The sound of a sword being drawn snapped my head around. An older man stood between me and the table where only moments before the room had been empty. He wore tight black pants and knee high black leather boots and a white shirt that was buttoned all the way to the top. Dark hair streaked with grey at the temples accentuated his eyes, which where a bright silvery tone. He reminded me of the three Musketeers. Minus the ridiculous hat and feather. “It seems you must face me now.”

“Are you a guardian?” ‘Cause if he was, there was no way I could beat him, I’d have to out maneuver his ass, grab the book and make a run for it.

“I am not a guardian. I am the last pureblood.”

I arched an eyebrow up. “Well, la-dee-fucking-da. I’m the last Tracker. Want to compare notes on being the last of our kind?”

His lips arched upward into a smile. “I shall enjoy gutting you, Filthy Tracker.”
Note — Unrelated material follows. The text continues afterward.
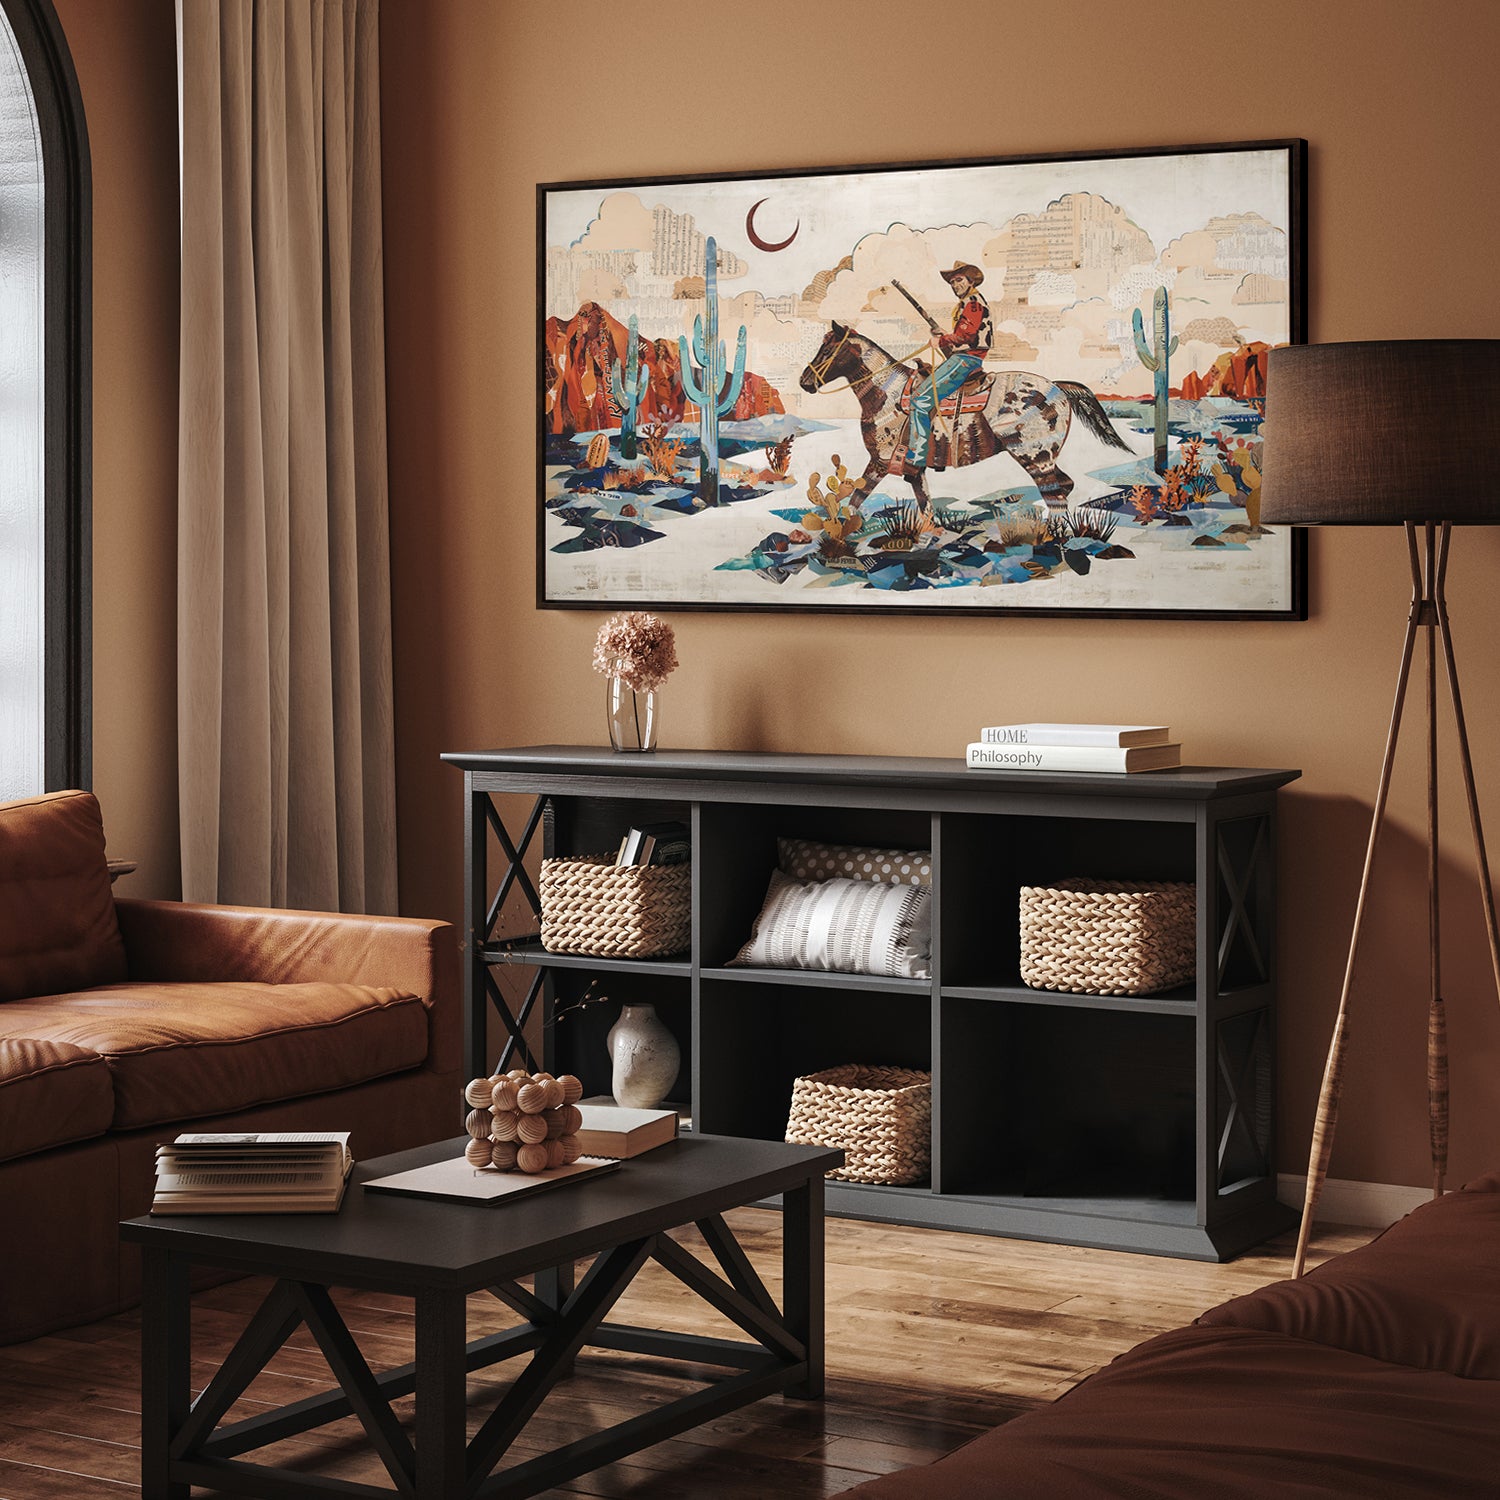 Dolan Geiman modern cowboy in desert canvas print entitled Night Scout shown in living room with brown and beige hues.

He launched his attack, but I met him from my knees, drawing my swords in time to block his swing at my head. Like I would go down in the first round.

“Come on, let’s see what you’ve got, bitch.” I stood and slid around to the left, keeping my eyes on him.

I’ll give him his due; he was good. His skills were honed and every move he made was textbook, the forms perfect, the angles superb. But he didn’t fight dirty.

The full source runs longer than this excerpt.